1) Get user input using prompt(“Enter your age:”). If user is 18 or older , give feedback:’You are old enough to drive’ but if not 18 give another feedback stating to wait for the number of years he needs to turn 18.
let ageUserInput = prompt("Enter your age.");
if (ageUserInput >= 18) {
console.log('You are old enough to drive.')
} else {
console.log(`You are left with ${18-ageUserInput} years to drive.`)
};
2) Compare the values of myAge and yourAge using if … else. Based on the comparison and log the result to console stating who is older (me or you). Use prompt(“Enter your age:”) to get the age as input.
let myAge = 23;
let yourAgeInput = prompt("Enter your age.");
let diff = myAge - yourAgeInput;
if (diff > 0) {
console.log(`I am ${diff} years older than you.`)
} else if (diff < 0) {
console.log(`You are ${Math.abs(diff)} years older than me.`)
} else {
console.log('You have the same age as me.')
};
3) If a is greater than b return ‘a is greater than b’ else ‘a is less than b’. Try to implement it in two ways.
- using
if else
let a = prompt('Enter a number.');
let b = prompt('Enter another number.');
if (a > b) {
console.log('a is greater than b.')
} else if (a < b) {
console.log('a is less than b.')
};
I cannot use else with following parenthesis. It will give me an error. Think of else as a remainder of all conditions. If I want to add more conditions, I should use else if().

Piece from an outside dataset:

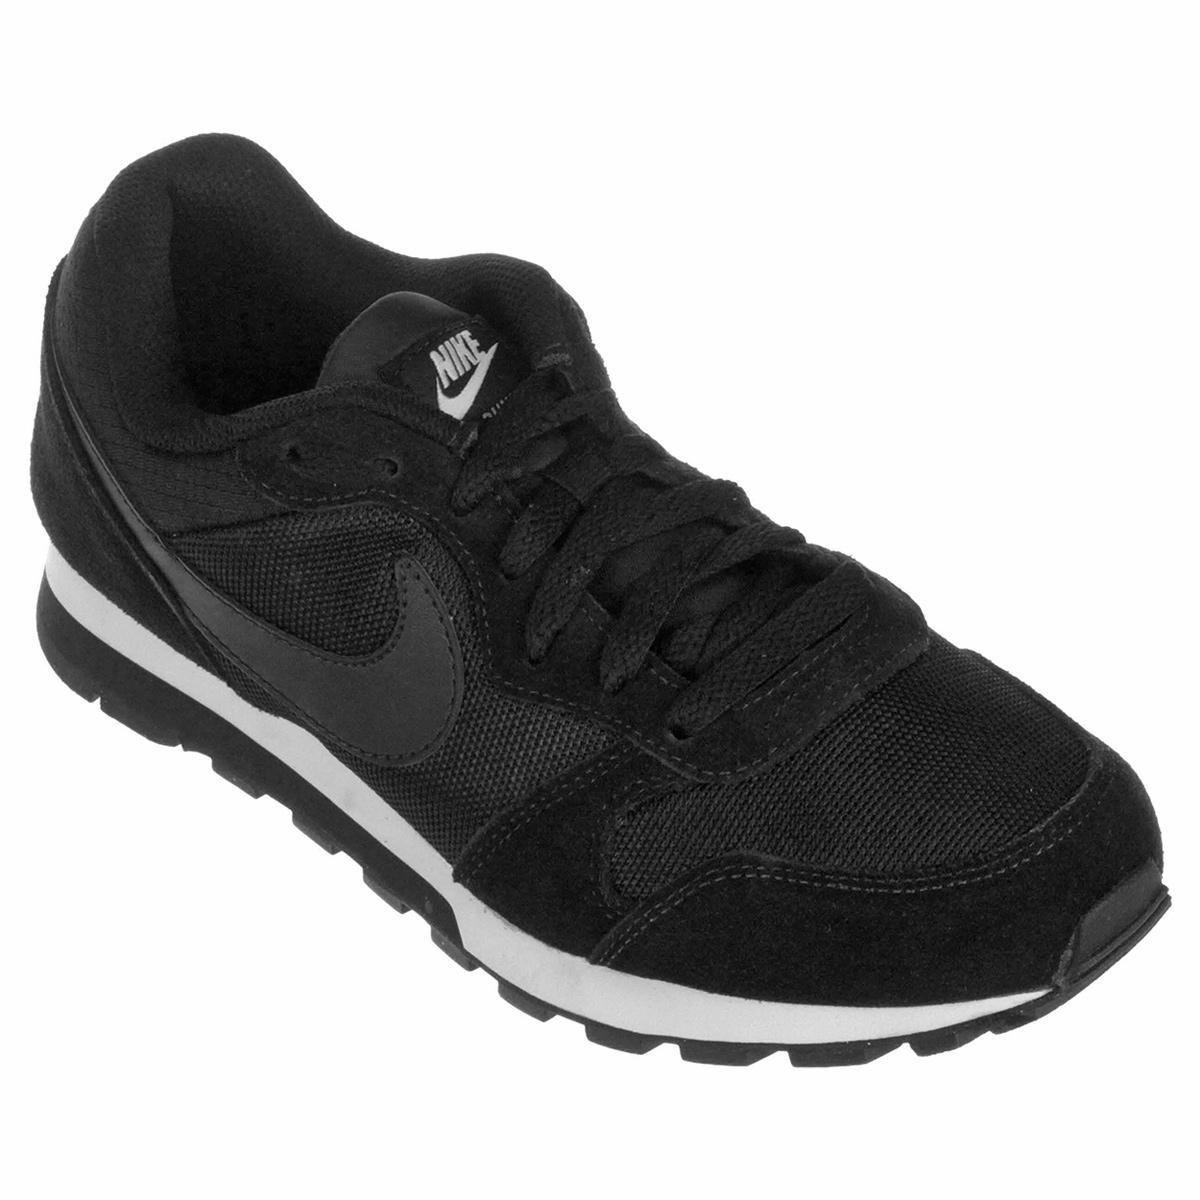 b3dc8acb6 Tênis Nike Md Runner 2 Feminino - Preto e Branco - Compre Agora ...

Also, in this case, if I didn’t set the condition for the case of a == b. If the user inputs the same number, the result will be undefined. If I want to get another output for that, I can simply add else below.
let a = prompt('Enter a number.');
let b = prompt('Enter another number.');
if (a > b) {
console.log('a is greater than b.')
} else if (a < b) {
console.log('a is less than b.')
} else {
console.log('a is same as b.')
};
- using
ternary operator
let a = prompt('Enter a number.');
let b = prompt('Enter another number.');
a > b
? console.log('a is greater than b.')
: console.log('a is less than b.');
However, in this case, the code will give the result ‘a is less than b.’ if a and b are the same. This is because the ternary operator doesn’t seperate the cases specifically like if else. If a > b is not true, the code with : will be executed.
4) Even numbers are divisible by 2 and the remainder is zero. How do you check, if a number is even or not using JavaScript?
let numberInput = prompt('Enter a number.');
numberInput % 2 == 0
? console.log(`${numberInput} is an even number.`)
: console.log(`${numberInput} is an odd number.`);
The syntax for the modulus operator(%) is (number_one % number_two)
👟Level 2.
1) Write a code which can give grades to students according to theirs scores:
90-100, A / 70-89, B / 60-69, C / 50-59, D / 0-49, F
let score = prompt('Enter number');
switch (true) {
case score >= 90:
console.log('A');
break;
case score >= 70:
console.log('B');
break;
case score >= 60:
console.log('C');
break;
case score >= 50:
console.log('D');
break;
default:
console.log('F');
};
There were multiple ranges of grades, so I chose to use the switch operator. But I had a hard time setting the cases. At first, I set the cases like 90 <= score < 100, but somehow the results were always A or F(default) regardless of the value I put in. I first thought ‘maybe the prompt is returning a string, so I have to change the variable to Number(prompt('Enter number.'))’ but it didn’t work. switch(score) didn’t work either. I figured out true should be inside the parenthesis just by copying the example code on the file.
Then I came up with the idea that I don’t need to set the highest value. The code will automatically run from top to bottom, so the lowest value was all I needed. If the score is higher than that, it will execute. If not, it’ll run down below.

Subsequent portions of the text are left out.